Sunday, March 9, 2014

My Kind of Beautiful....

My Emma and I took a trip recently to our Nation's Capital. As I walked through the buildings of shiny marble, massive columns, and intricate architecture, I was overwhelmed with the beauty of it all. Entering the National Cathedral, I couldn't even bring myself to photograph my surroundings. Pictures just didn't seem to convey the power and glory that I felt being "in" something so beautiful. Even places full of sorrow, like the Holocaust Museum, the Korean Memorial, and Arlington National Cemetery gave off an unspoken presence that caused me to stop and Thank God for the gift of remembrance. And then we came home... To the plain brick house where Todd and my girls were waiting for us. I looked around the next day, less than 24 hours after being in DC, and became completely overwhelmed at the beauty that is our life. My floors were a complete mess - littered with toys, playdough, and puzzles with missing pieces. All I could think was, "Where's my camera? THIS is my idea of beautiful." Click... My youngest daughter was napping on the couch as I tackled the massive pile of clothes waiting to be laundered. Click... I watched my Emma, practicing tolerance with her little Sister and our Special needs neighbor. Click... I noticed when our oldest came home from walking her puppy and began filling me in on her day. Click... I saw a little girl so excited to see the man of my dreams come home from work that she RAN to the fence to greet him. Click... I shared news of sorrow with my spouse, so we could pray together for our friends who so desperately need it. Click... The kitchen pantry, in need of replenishing, the broken swing that needs a new strap, the arguments between two little girls who don't really want to share their Momma with each other. Click... Click... Click... In the chaos and insanity that consumes us, in the dark moments when I feel inadequate, in the times when I feel like I am uneducated and unaware of all the things in this big 'ol world, God reminds me of the beauty that is my life. Sigh......

Thursday, May 23, 2013

Big Girls do Cry...

I'm not a very emotional kinda gal... or rather, I don't show emotion as openly as a lot of other folks. There are very few times that I cry (especially in public). But a year ago today, sitting in the Colbert County Court House, I cried. It began when I was asked to "give a recap" of why/how we met our Nevie. I was holding the hand of her Great Grandmother and had to tell the story, out loud, of how much she loved Nevie, but simply couldn't care for her physically. I cried because for the first time in months, I let myself 100% believe that her adoption was actually going to take place. I cried because I was overwhelmed by the emotions of years spent waiting and praying and questioning and wondering. I cried tears of Praise for a God who sustained us. I cried because you always cry when fairy tales come true. Happy Gotcha Day to our 4th Beautiful Daughter....You were, and still are, SO wanted.

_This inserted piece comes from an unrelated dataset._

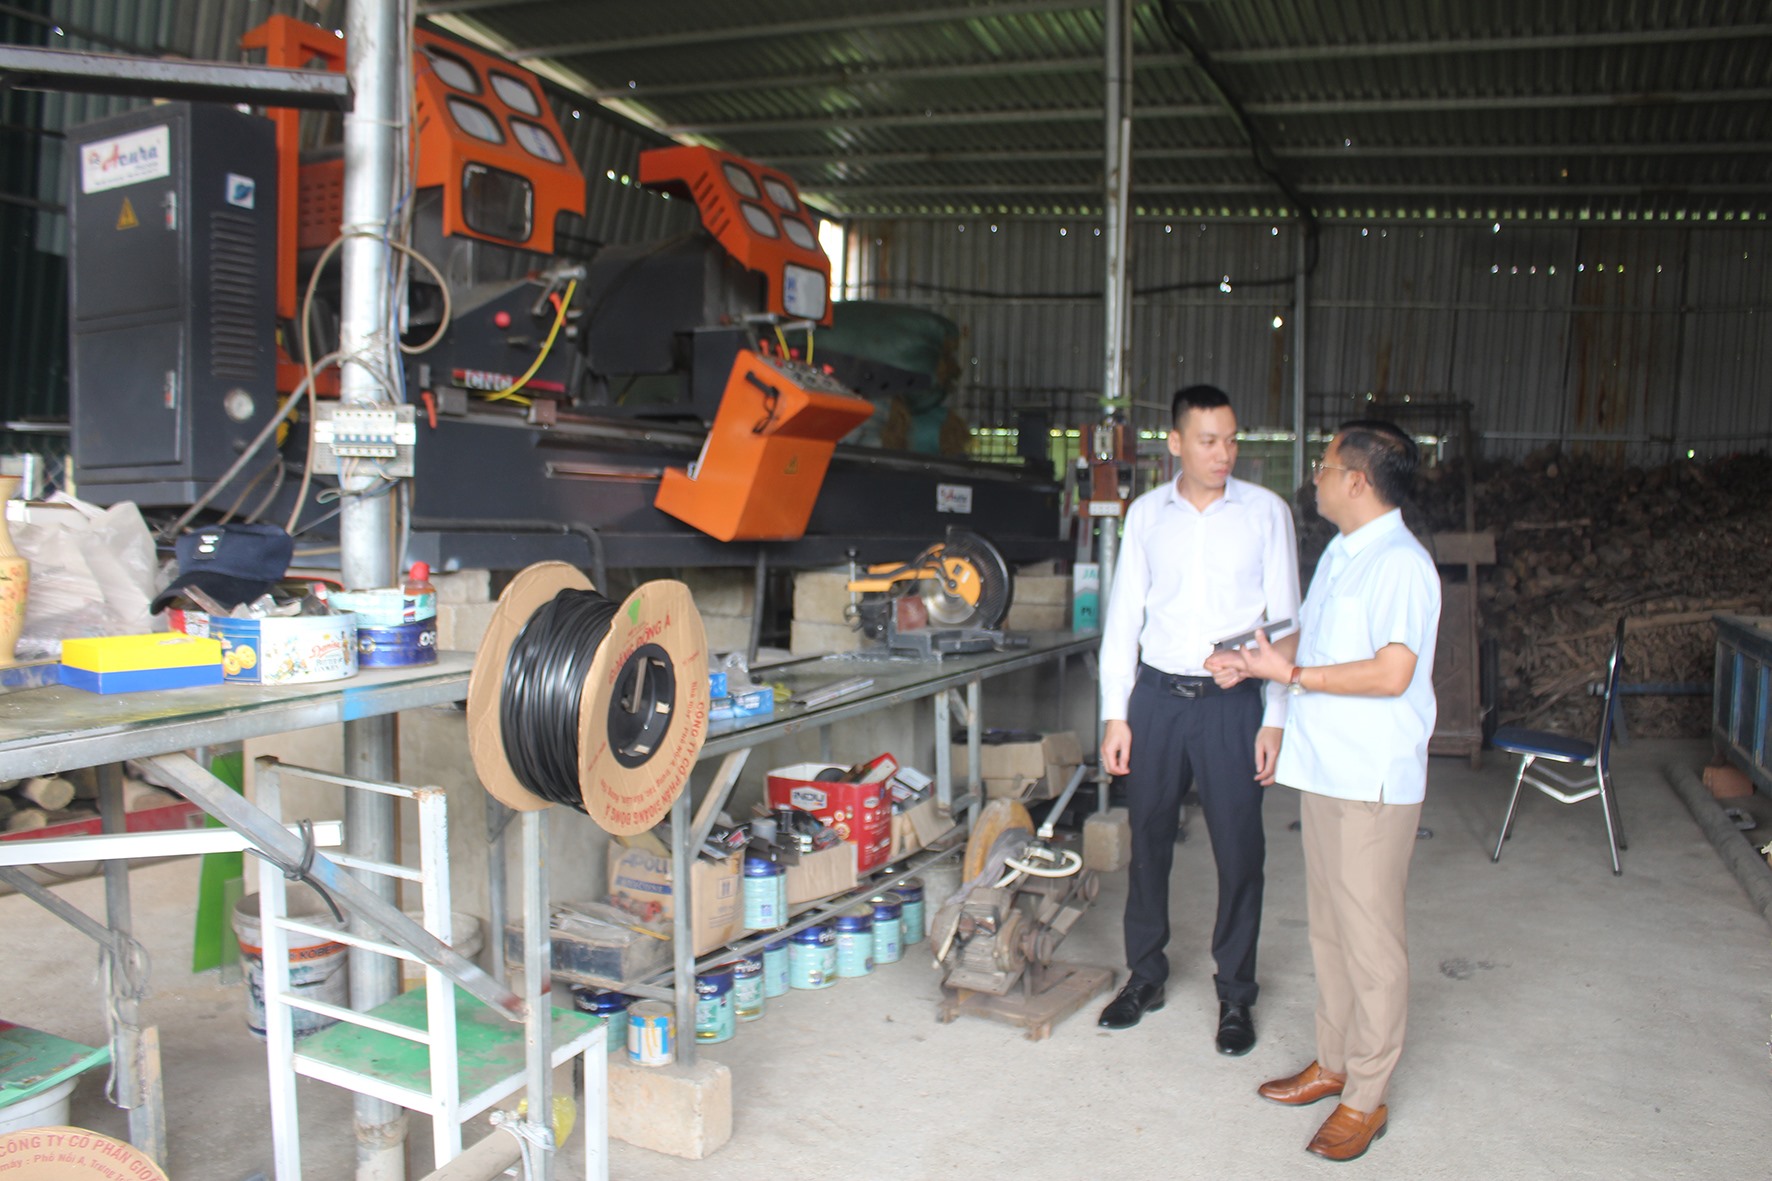 Anh Văn Đình Dũng (bên trái) được thụ hưởng nguồn kinh phí chương trình khuyến công thị xã Quảng Trị để đầu tư hệ thống máy cắt nhôm CNC cao cấp, giúp tự động hóa quá trình sản xuất -Ảnh: H.T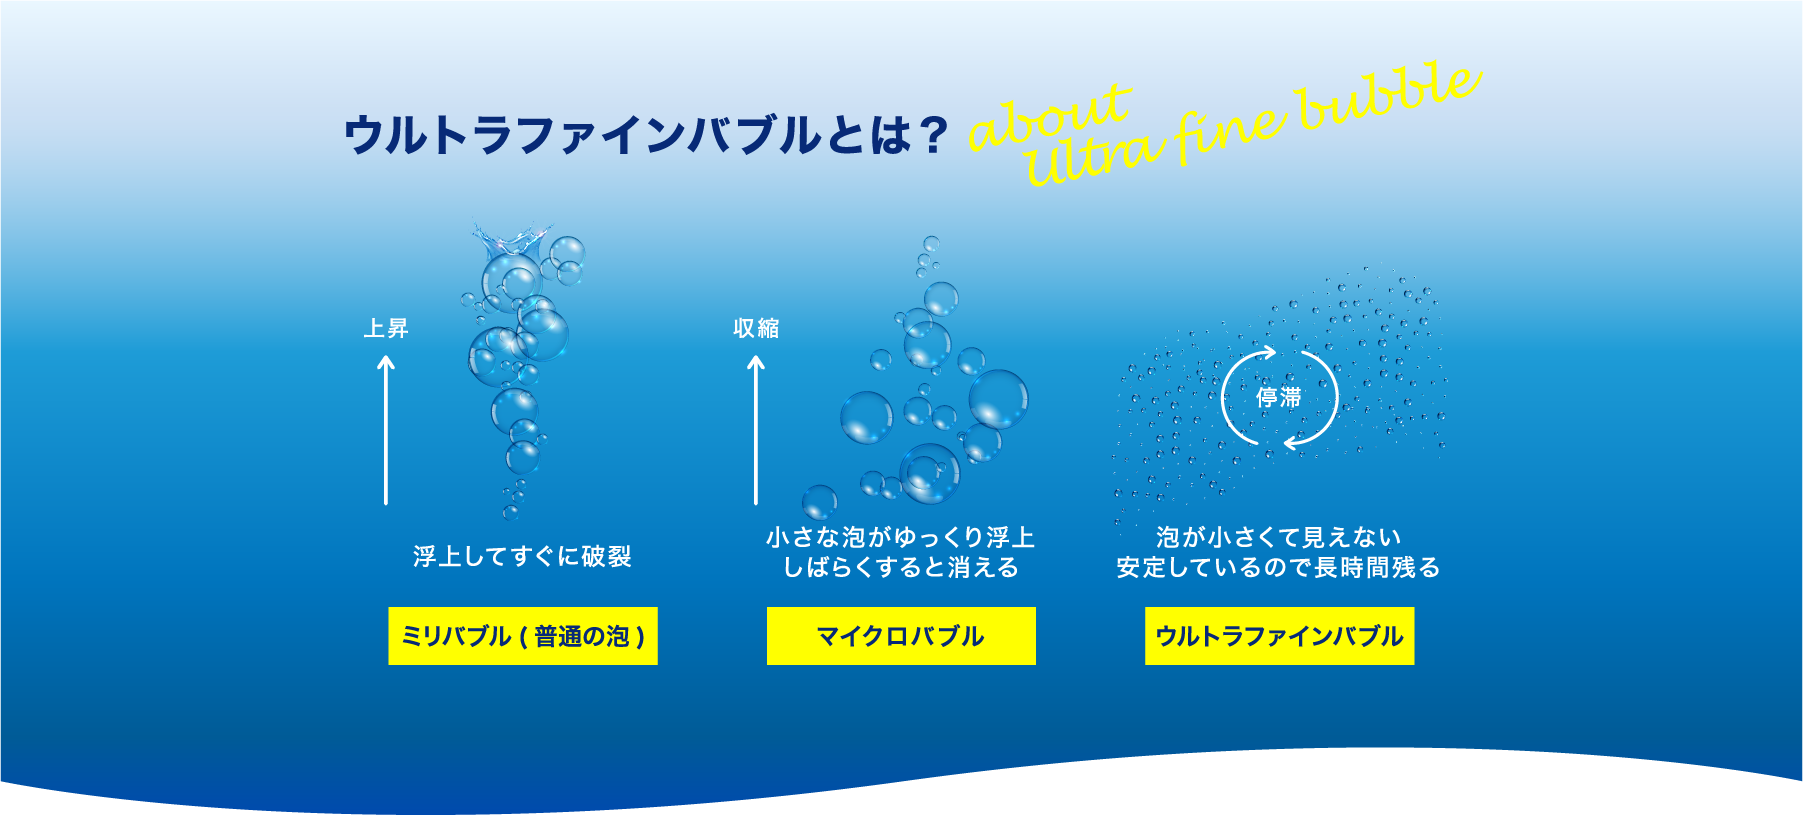 人気の ウルトラファインバブル生成ノズル UFB DUAL 13A 水道機器認証取得商品 ウルトラファインバブル水 施設設置 自宅全部の水を ウルトラファインバブルに変える ウルトラファインバブル

Wednesday, January 23, 2013

The Beautiful sound of Healing

I have really struggled with the decision to share this story. Not that it is anything big, but because I decided long ago that I didn't want my children to be defined by their past. Our sweet Nevie was 10Months old when she came to live with us. She begin having night terrors a few months later and praise God they only happen occasionally now. She sleeps in our bed, usually tucked inside Todd's arm. That is where she feels safe, and although it causes us to lose a little sleep and feel a little sore in the morning, that is where she needs to be right now. One night this past week, she semi-woke up and instead of crying out in her sleep, she laughed. In her sleep..... my baby girl laughed. Now don't misunderstand, she laughs a LOT in the daytime. She is full of smiles and curiosity and love...but at night, when she isn't aware of her surroundings, she can go somewhere that isn't happy. And as her mother, that breaks my heart. I share this to remind people of the awesome power of healing. It is such a beautiful sound, healing. Letting go and forgetting the past. Relaxing, feeling safe. And God overwhelms me on a regular basis of the fact that it IS possible.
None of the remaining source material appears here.